031 無理! わたしは弱い

「これからどうする?」

「もう少し訓練する? それとも狩りに行く?」

「今日は訓練にしたいな。盾の使い方はもう少し練習しておきたい」

「おれも同感だ」

もともと、攻撃も防御もみんな我流だ。学校の体育で剣道や柔道をやったことがあっても、本当に敵と戦う武術なんて誰もやったことがないし当然と言えば当然だ。だけど、伊藤さんは明らかに違う。

本人は否定するのだが、あれは常人の域を完全に超えている。ちょっと強いとかそんなレベルではない。

みんな、今日教わったことはマスターしておきたいと、意気込みは高い。
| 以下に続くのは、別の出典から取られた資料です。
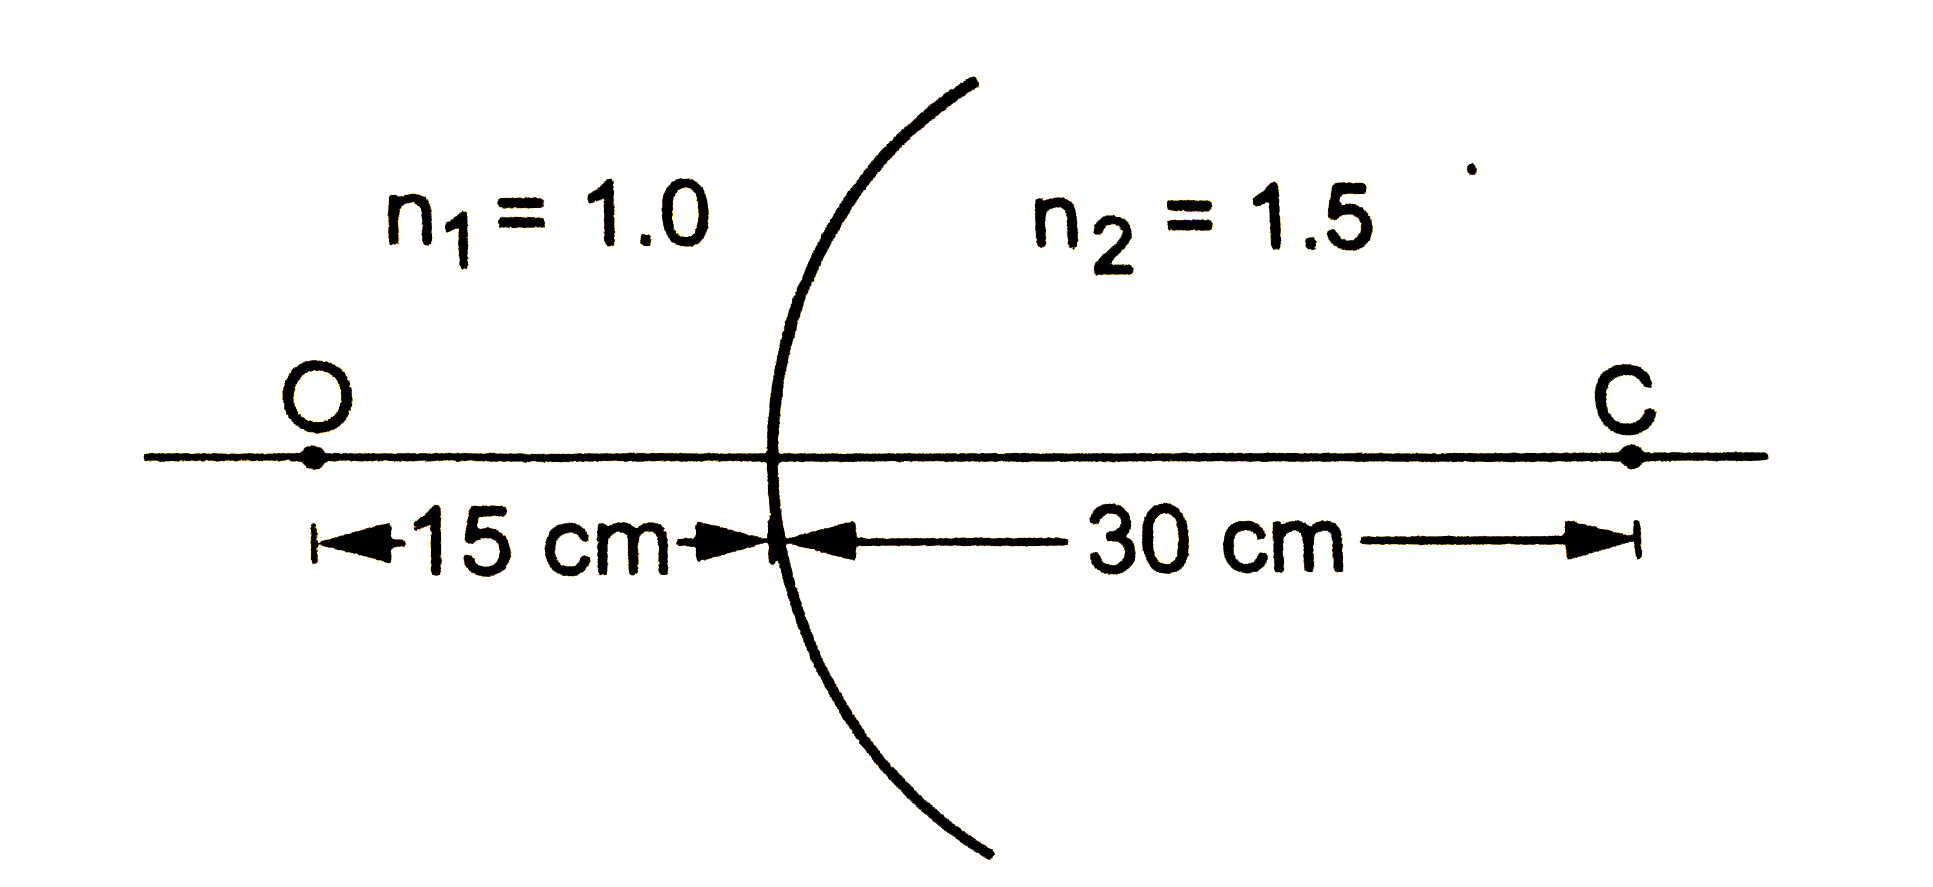 चित्र में दिखाई गई परिस्थिति में वस्तु O के प्रतिबिंब का स्थान निर्धारित करें । बिंदु C दोनों माध्यमों की उभयनिष्ठ (COMMON)  गोलीय सतह का वक्रता - केंद्र हैं ।

真っ当な戦闘技術、と言って良いものかは分からないが、格闘術や武術に類するものを教わるのは初めてということだ。今はそこに水を差す必要はないだろう。

わたしはセコイアと剣を投げる担当を交代する。二時間わたしの訓練に付き合ってくれたのだから、ちゃんと借りは返さないとだ。

一度訓練場から出て装備を変更し、ついでに『治療』の魔道書も渡しておく。どの魔法も二十回使用するとスキル習得できるようで、わたしは既に習得したのだ。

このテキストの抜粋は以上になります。